Cancer was shrinking all over my body except in my liver, but that would soon follow. Photon radiation therapy was then used for further shrinking cancer and relieving pain. Hormone therapy with Ibrance tablets followed, replacing chemo. It was specifically designed to treat my type of cancer and the results were miraculous! My life turned around and I had almost daily improvements!
June 15, 2020: another CT scan and more “scanxiety” for me. Three days later, I sat before Dr. Siegel as he proclaimed, “I can only see great things on your horizon.” Take that, cancer! I was no longer held captive!
Skipping ahead to May 16, 2022 when I had a restaging PET scan for Stage IV metastatic breast cancer. The findings were unbelievable! There was no pathological activity of cancer and no recurrent metastatic lesions in my body. My liver was stable with decreasing cancer lesions and no new ones. It’s much too early to call it a cure of incurable cancer, but my oncologist and superhero, Dr. Siegel, said we’re headed in the right direction.

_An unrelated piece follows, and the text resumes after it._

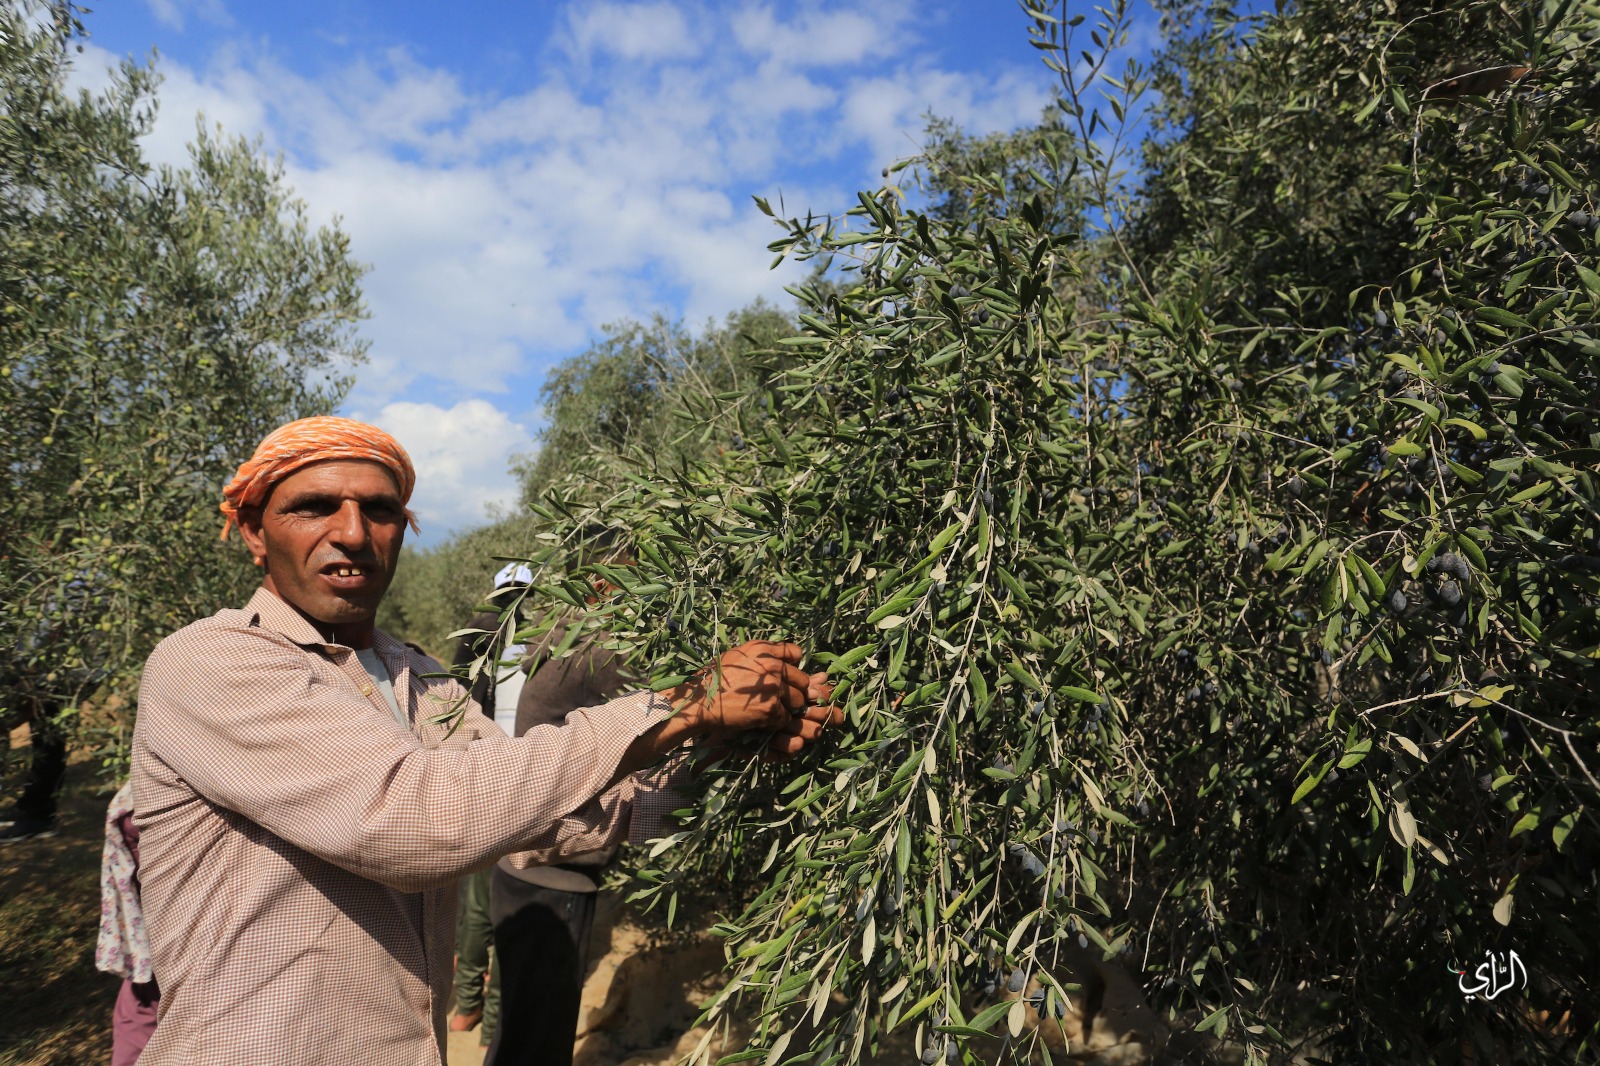 خبير زراعي: غزة تحقق رقمًا قياسيًا لم تشهد له مثيل في إنتاج الزيتون

It is true that I am a miracle.
In fact, I asked God for one and He graciously gave me one. I am not and mostly likely will never be cancer-free, but I am alive and well. God has a plan for me and I’m so open and excited about anything that gives Him more glory. The greatest offering we can give to Him is to praise him in the storm.
My entire care team are my heroes. At every turn they met me right where I was and all my needs were met, from the Bon Secours Foundation helping me with finances to Sister Dorothy praying over me during chemo. I am alive today because of each and every one of them, and I am eternally grateful.

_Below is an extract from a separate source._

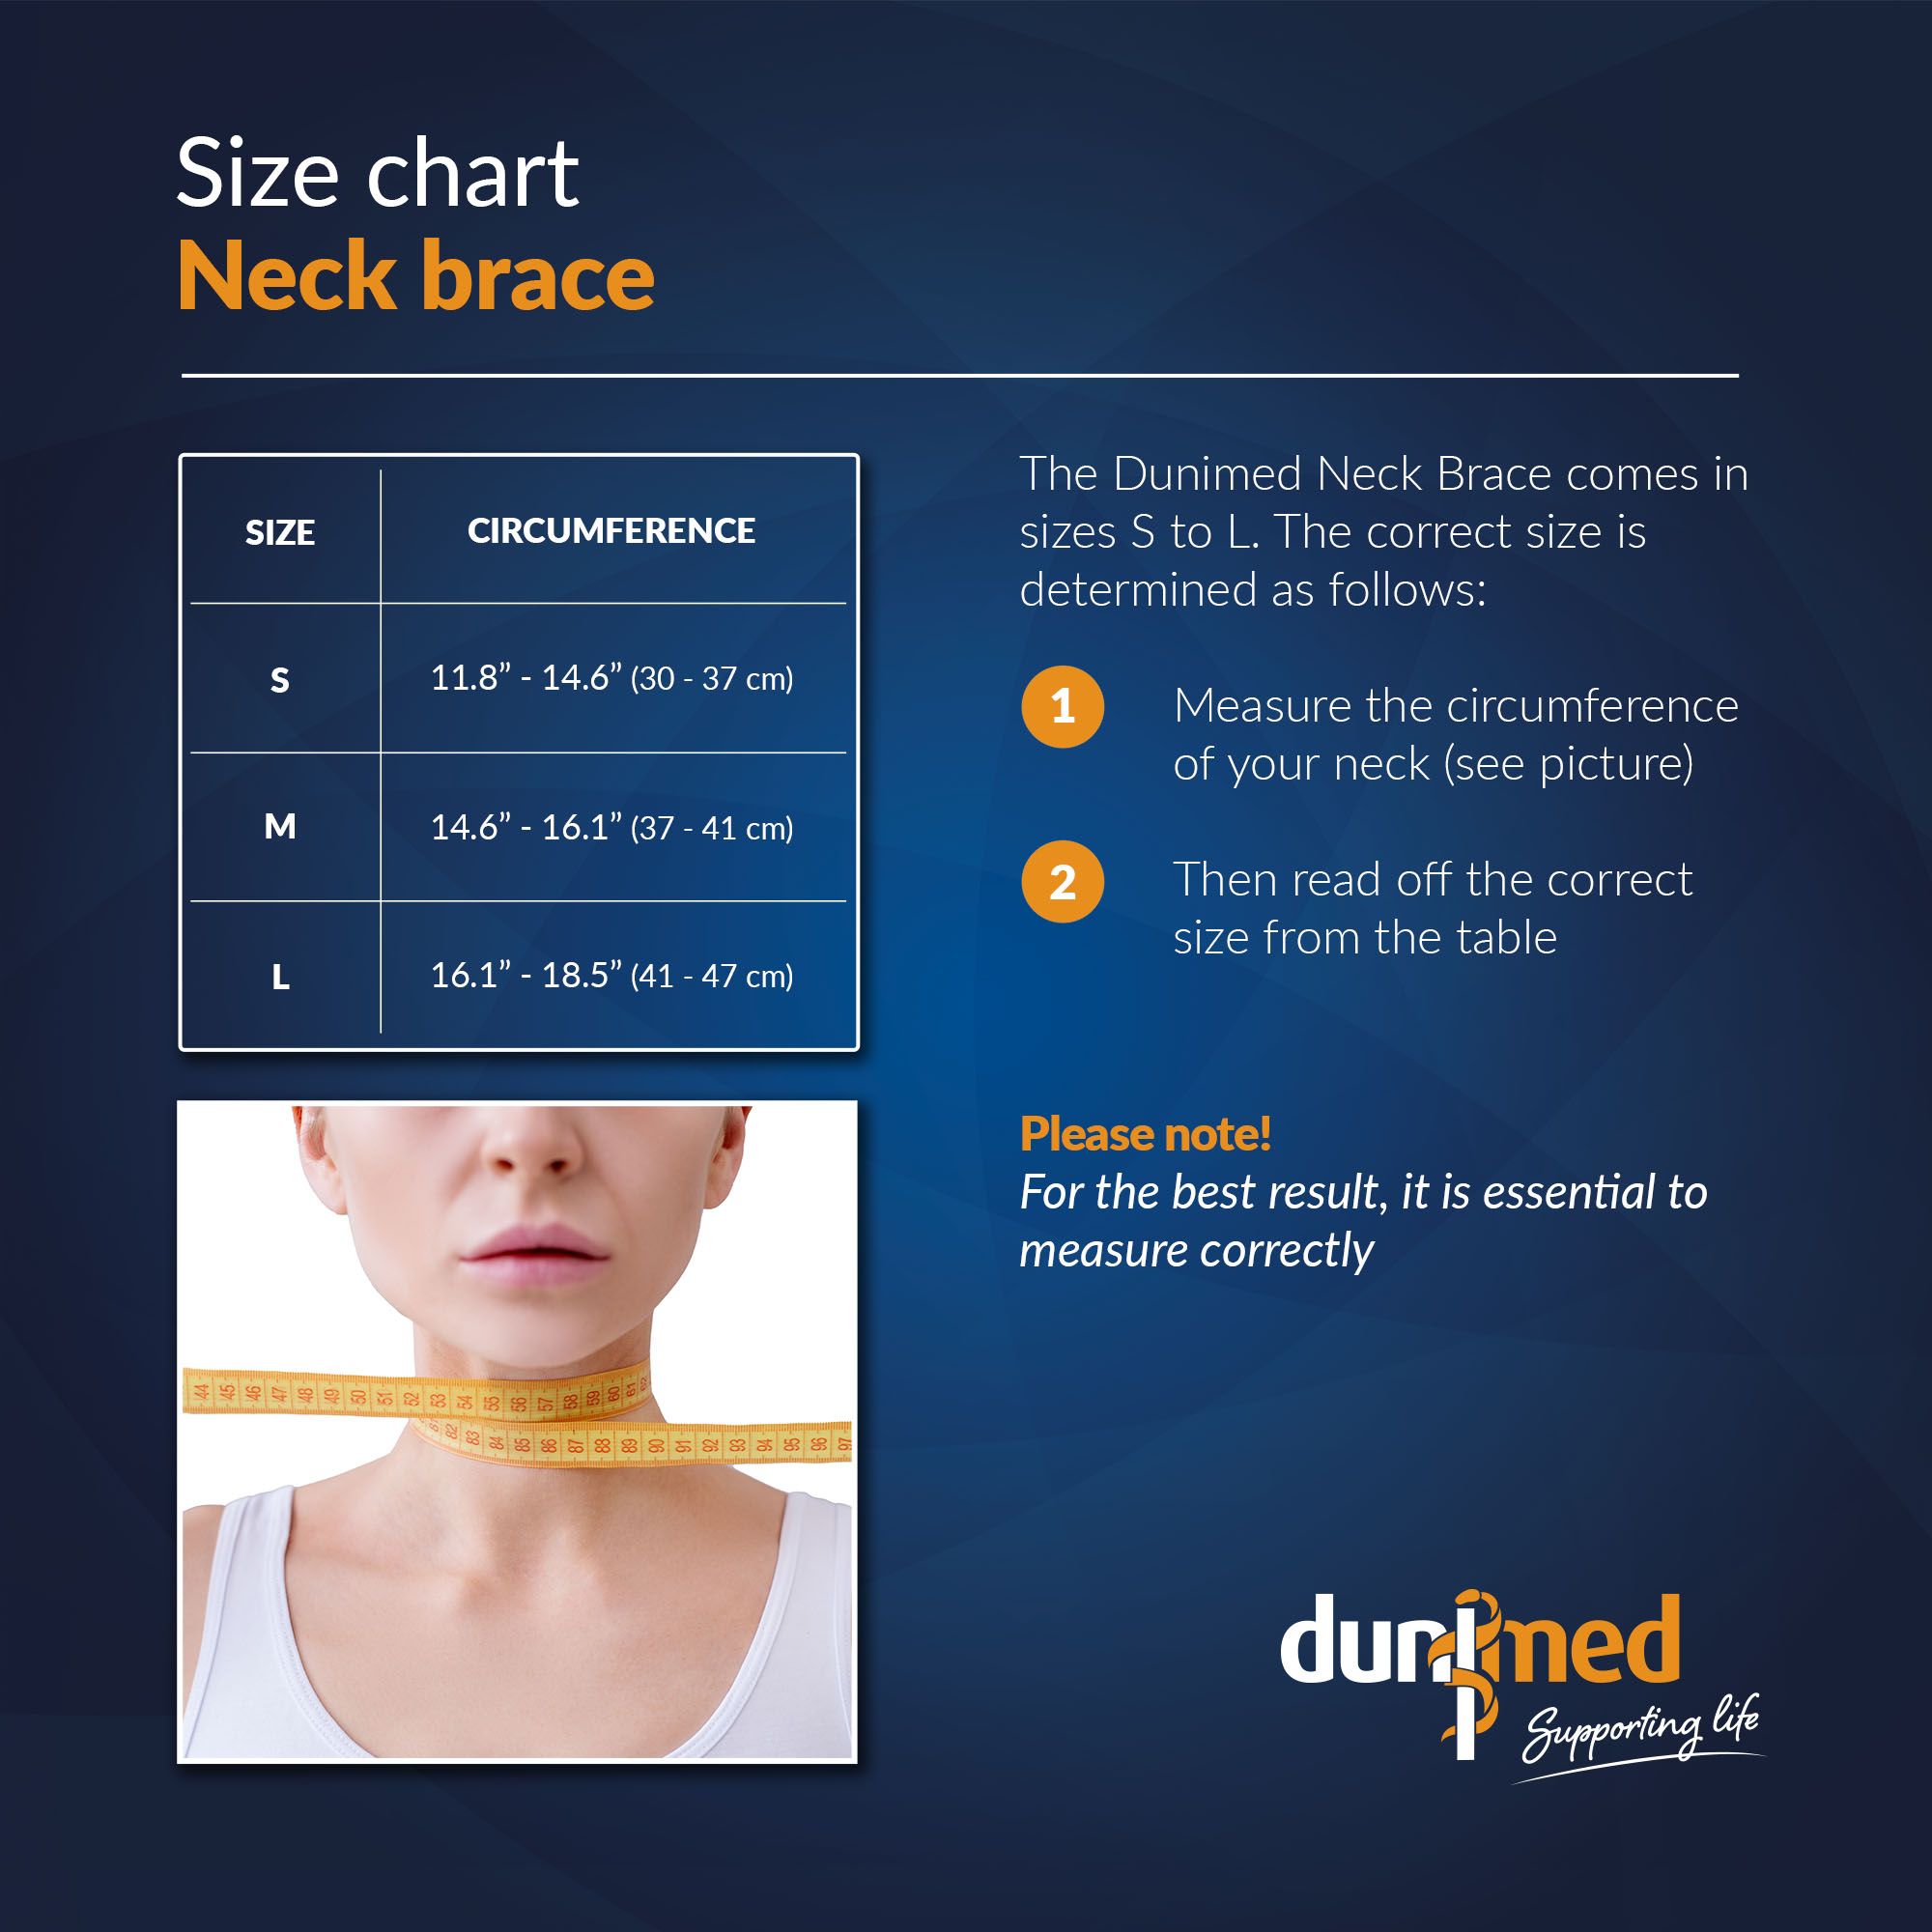 Size chart Dunimed neck brace

One way I can possibly help someone is to say don’t ignore any ongoing symptoms. I was severely fatigued, hurt all over, had decreasing motion in my movements and had difficulty breathing deeply. Was there a clear sign that indicated cancer? No. However, if you feel something is wrong, something is wrong.
I hope my story helps someone. I have asked God to speak through my story and I do believe He has. My miracle can be your miracle.